When I head out the door, ninety percent of the time I wear headphones. I like listening to music when I run, and I usually listen to stuff that has a great beat, more towards rock, metal, and a little grunge. It can definitely get me going when I’m feeling a little tired. So what about the other ten percent? Well, I wish I could say that it’s because I want to listen and be one with nature, which is partially true, but the main reason is that I since they don’t allow headphones in races (I agree with this 100%), I need to make sure I can run and race as well without music as with it.

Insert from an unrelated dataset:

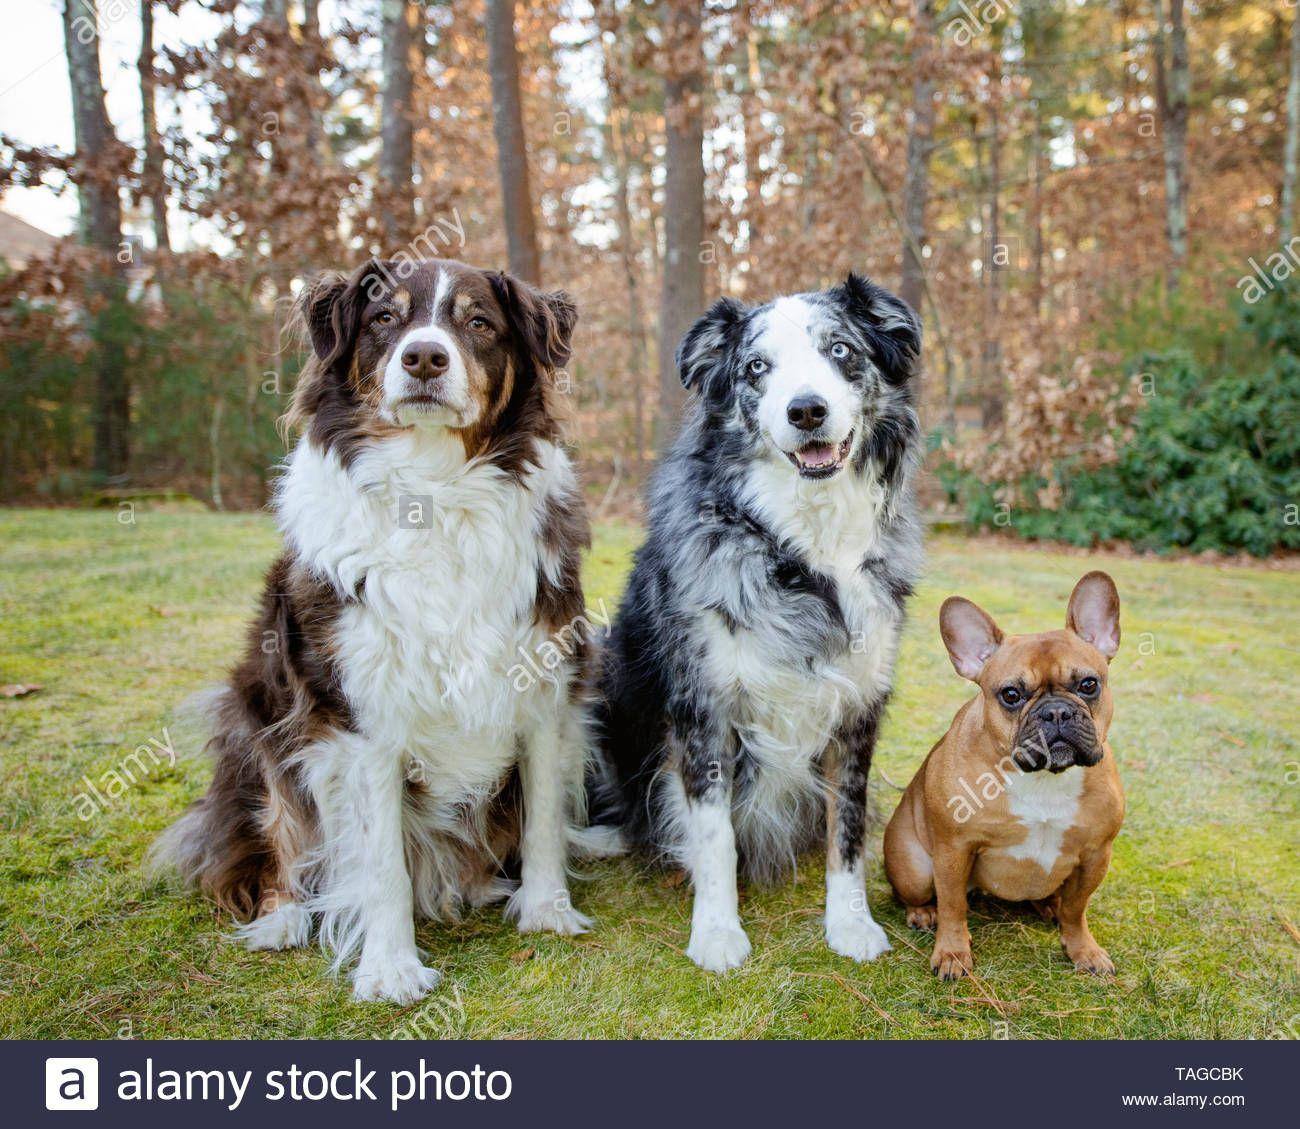 77+ Blue Merle French Bulldog Puppy in 2020 Bulldog

So I’m running along, and jammin’ to my tunes. What am I thinking about? Here is what I thought about recently on my runs:

  • Running at lunch clears my mind of all the crap that filled my head that morning at the office. By the end of the run, I definitely have a different perspective on things, and I’m reenergized for the afternoon. This gives me time to think about the morning issues, and I usually compile a To Do list in my head for when I get back to the office.
  • Running at the same time of day, I see the same people over and over. I often wonder what their story is, and why they are there at the park walking or running. I get the runners. Most of them are on their lunch break like I am. Some of the other people walking their dog, or just putzing around, makes me wonder what they do with their day.
  • There are some days that all I can think about is taking the next step. These are the days when I’m tired, exhausted, or mentally stressed, and the run hasn’t made me feel better. I’m not enjoying it, and I just want to get my a$$ home. There is a little fear that I will get 3 or 4 miles out, bonk or run out of gas, and have to walk a little. I don’t overdress in the cold weather, so if this ever happens, it can be a cold trip home. This has only happened a few times in all of my running, but it hasn’t been fun.
  • By far, the thing I think about most when running is my training. I think about races I want to do, my training plan, tech stuff and bikes (I love this stuff), and making sure I have the right diet, which varies depending on the time of year.
  • Pushing my run definitely makes me think about pain. When I started training for triathlon, pain is something that I tried to avoid. Now I’ve learned to like the pain. The pain I’m talking about is the pain you get when you are pushing yourself beyond your limits where you feel comfortable. For me, on the run, I’ve noticed that there are two ways to suffer. One is when I’m pushing my legs, and they are still sore or tired from prior workouts, and the other is lack of oxygen, when I’m pushing myself and sucking air and can’t run any faster. Of the two, I would rather have fresh legs and run into oxygen debt than the other way around.  Anyway, thinking about the pain is a way for me to focus and get faster.
  • There are times when I totally zone out, and get into a trance like state. You all know what I’m talking about. You start running, and the next thing you know, you’re finished. Steep hills can snap me out of it, but I’m right back to it within a minute or two. When I’m in this zone, if I look at my pace, it is usually fairly fast, and I feel good during the run and after. I don’t know why; can’t explain it. But I love this run.
  • Sometimes I just kick back and enjoy the endorphins and think about how lucky I am to be running.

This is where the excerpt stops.